Funnily enough it was on my todo list to whip up a small perl program to go and scan my maildirs and figure out if this theoretical idea actually amounted to anything.
Algorithm would be this:
Open each message, scan for first blank line. SHA the rest of the message, store the SHA in a hash (along with the message size) rinse and repeat and see if we end up with any hashes showing count greater than 1...
This would represent the best case that we could achieve assuming body content fixed and we find some way to manage variable headers.
Somewhat faster way would be to get a list of file sizes first and not bother checksumming any files which have a unique size.
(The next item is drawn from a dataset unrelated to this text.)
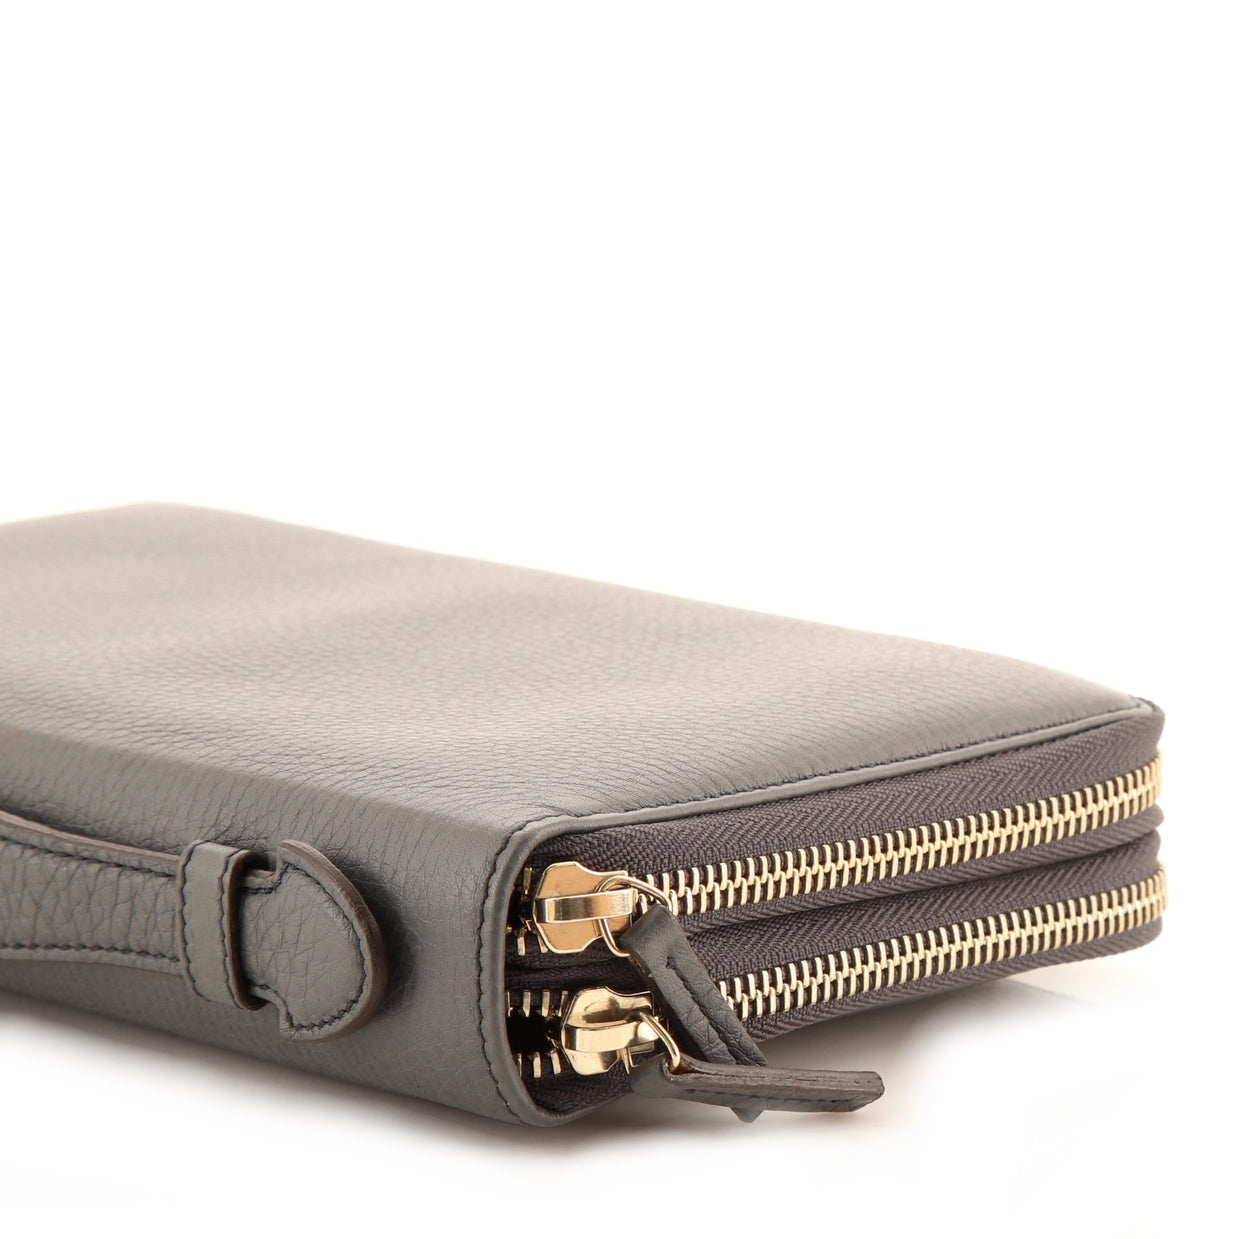 Gucci Soho Travel Organizer Wallet Leather Gray 850312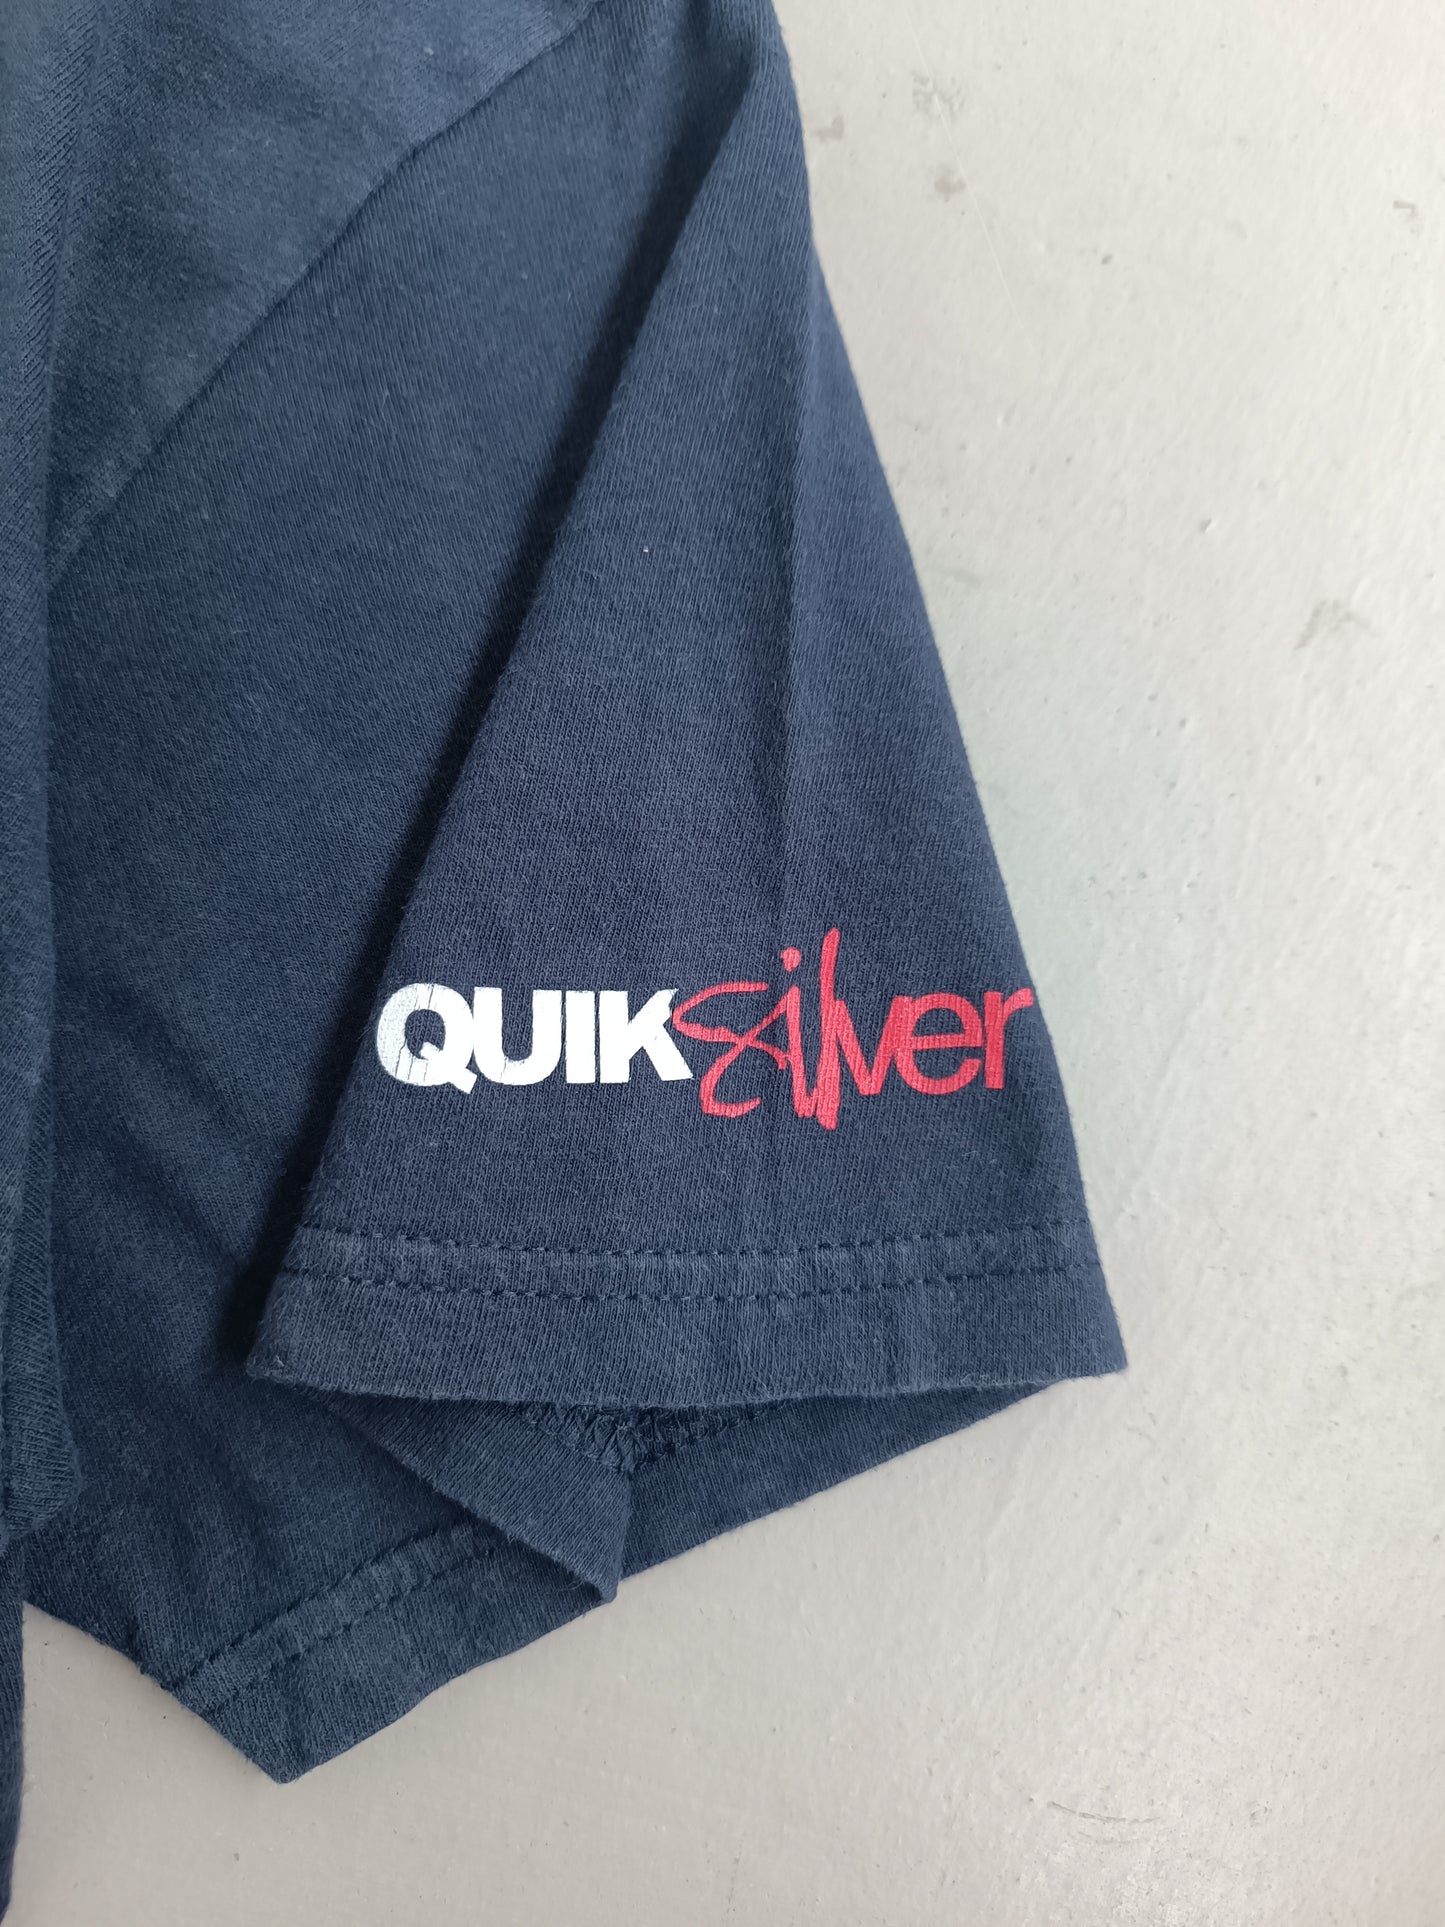 Quiksilver logo - M

Could do, but I was trying to expand to the case that the headers were different, but the body was the same (eg I suspect that mailing list managers might deliver emails one by one (verp), but the body is not customised. Anyway, just wanted to checksum the body of the message not the whole message
Actually the motivation for this was I was wondering about the benefit of a storage backend where the body was stored per file and the headers were stored separately (perhaps in a maildir type format). I haven't looked to see if this is what dbox does already...
I have been looking at git and brackup for backing up maildirs and it's got me thinking a bit more about mail storage algorithms
Ed W